Бюст Давида Рюд показал в парижском Салоне 1831 года. Причём экспонировал анонимно. Он тогда считал, что ещё слишком мало известен и ему следует «начинать без шума».

Однако портрет сразу оказался замечен критикой. «Мы не можем отнести этот бюст ни к одному из известных скульпторов нашей школы, — отмечал Ш. Ленорман. — По точности воспроизведения черт и жизненности он превосходит их всех».

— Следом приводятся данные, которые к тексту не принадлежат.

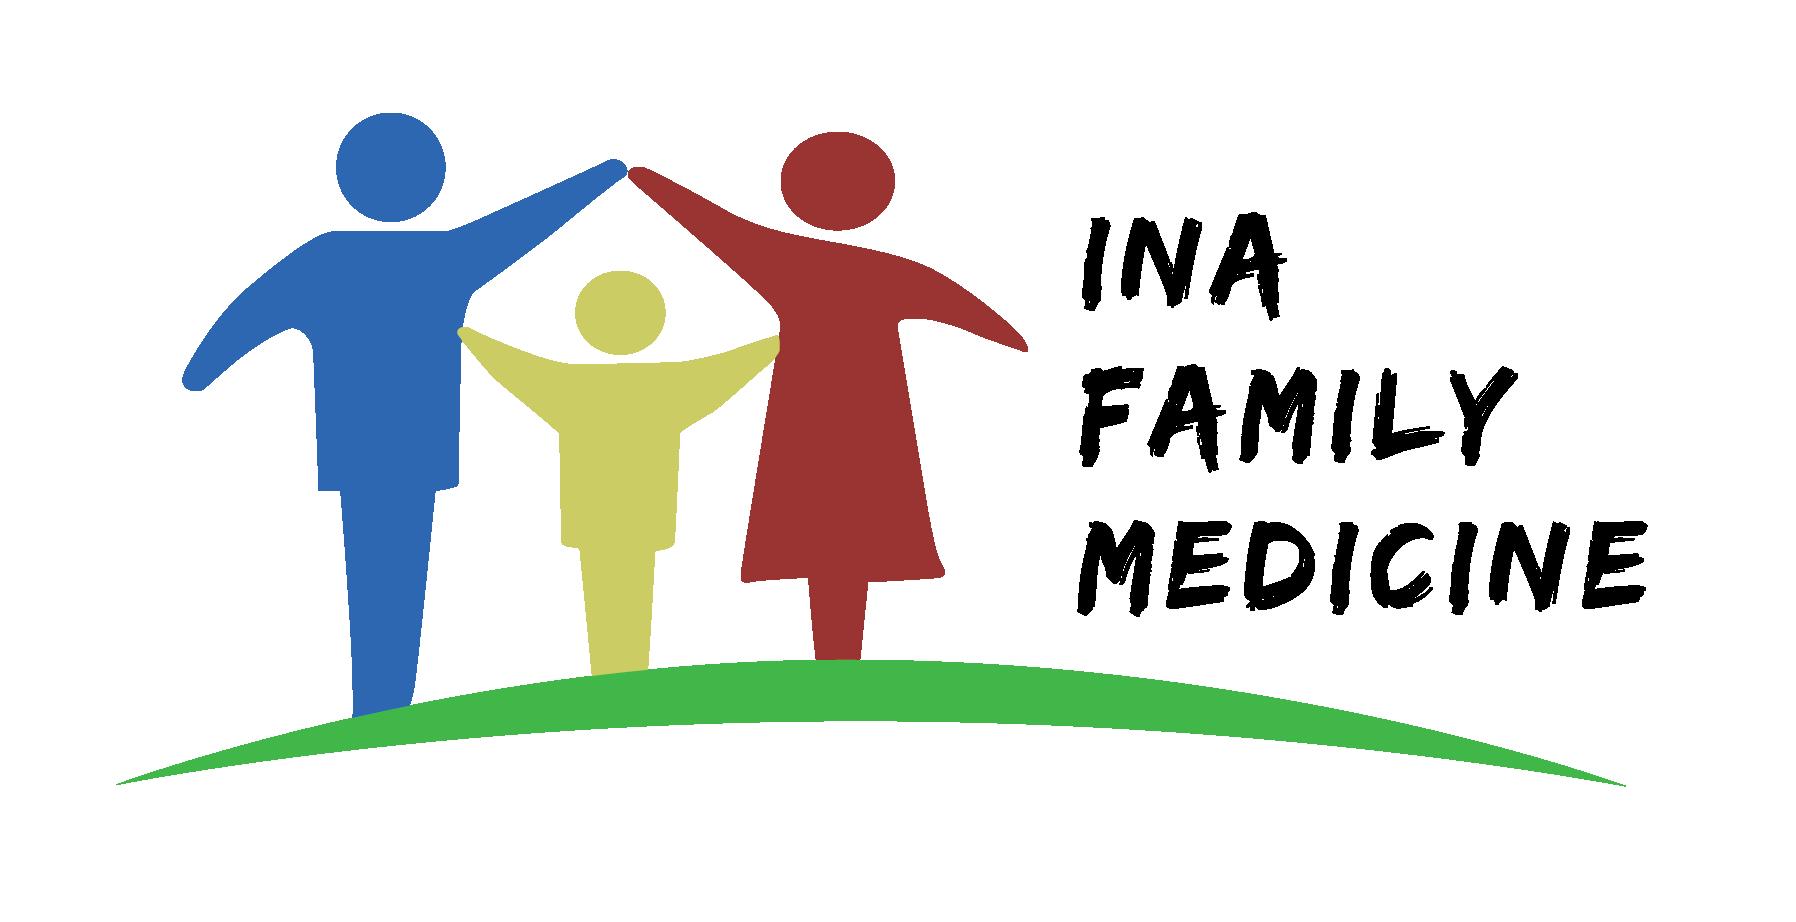 Ina Family Medicine
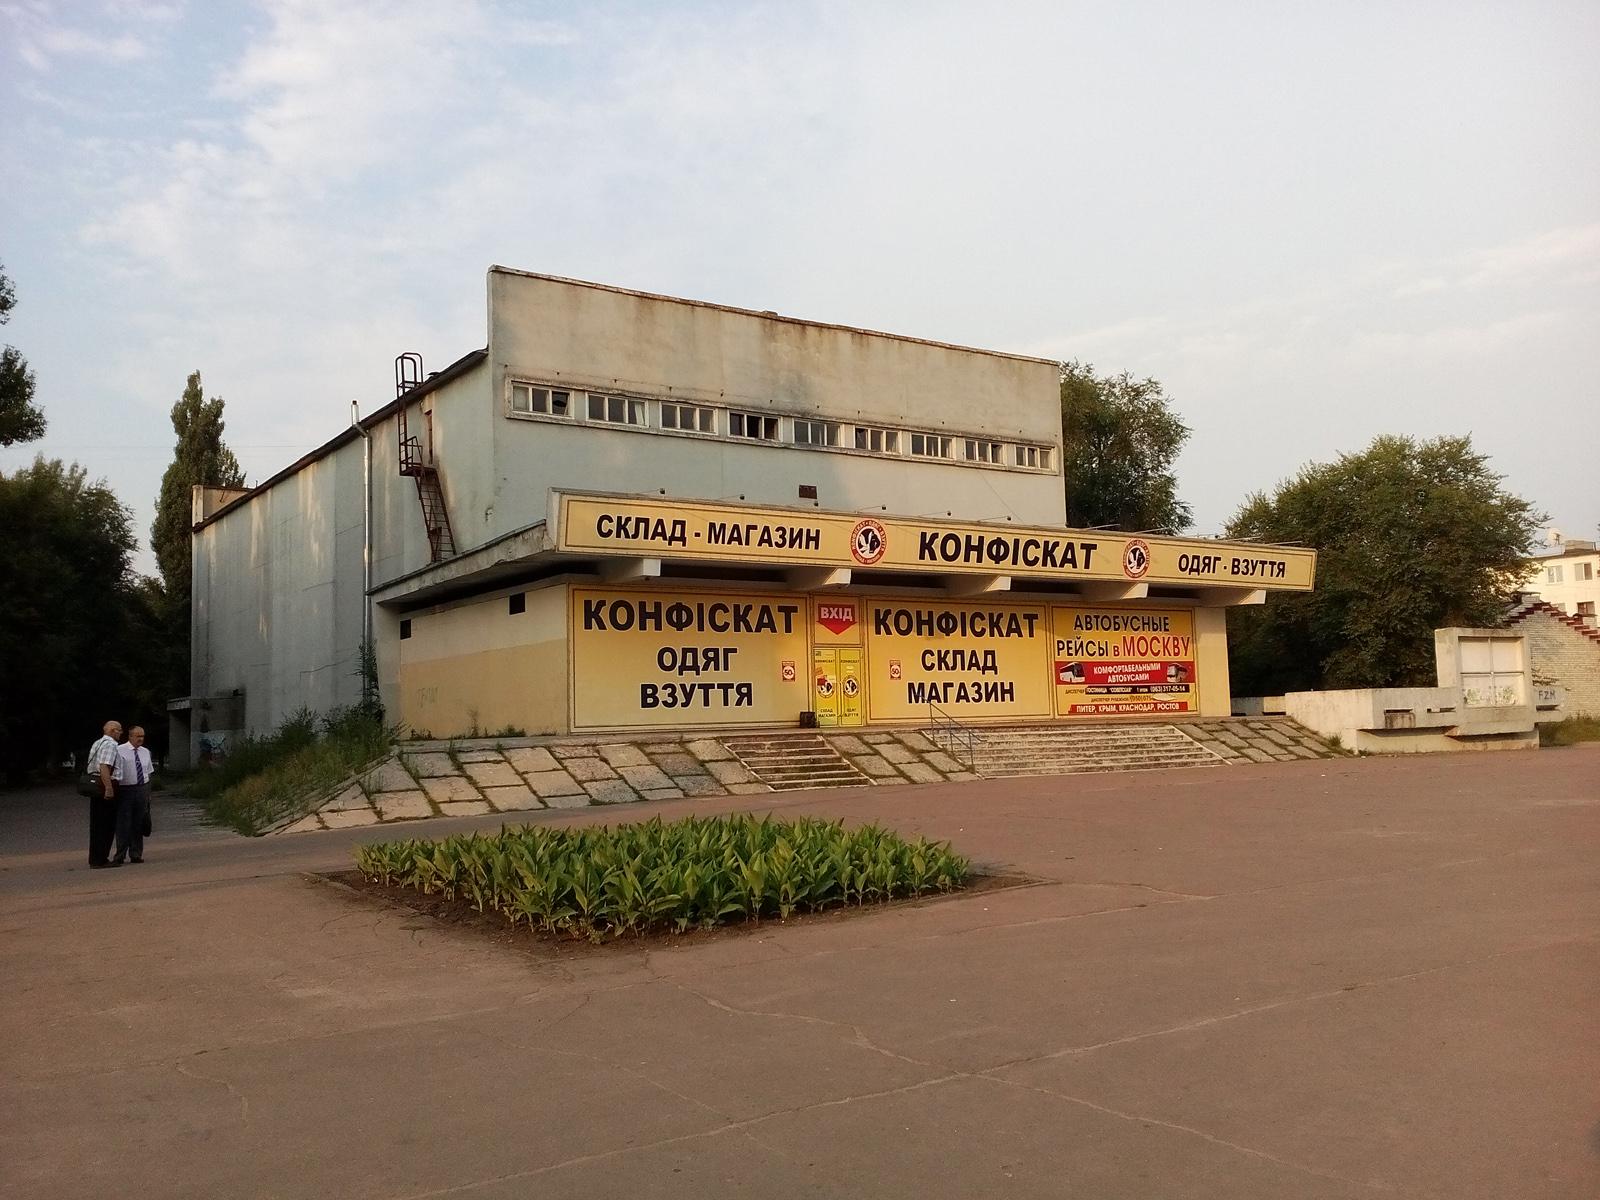 Центр кинотеатр Юность

«Критик был прав, — считает Н. Н. Калитина. — Рюд очень точно фиксирует все особенности внешности Давида: подчёркнуты углубившиеся с годами морщины, разросшиеся кустистые брови, акцентирован даже дефект лица — перекошенный рот и распухшая щека. Скульптор показывает Давида последних лет жизни, когда ему было около семидесяти лет, однако это не дряхлый старик — рюдовский Давид исполнен грубоватой силы, упорства. Ни годы, ни изгнание не сломили великого бунтаря! Несколько не соответствуют трактовке черт лица традиционный классический обрез бюста, обнажённые шея и грудь. Композиция рождает желание сравнить бюст с античными портретами, искать в изображённом черты возвышенные, героические. Но жёсткий веризм трактовки лица сразу же снимает возможность такой интерпретации. Рюд, очевидно, сам почувствовал это. Позднее он повторил в мраморе бюст ещё раз (1838, Париж, Лувр) и ввёл в композицию одежду».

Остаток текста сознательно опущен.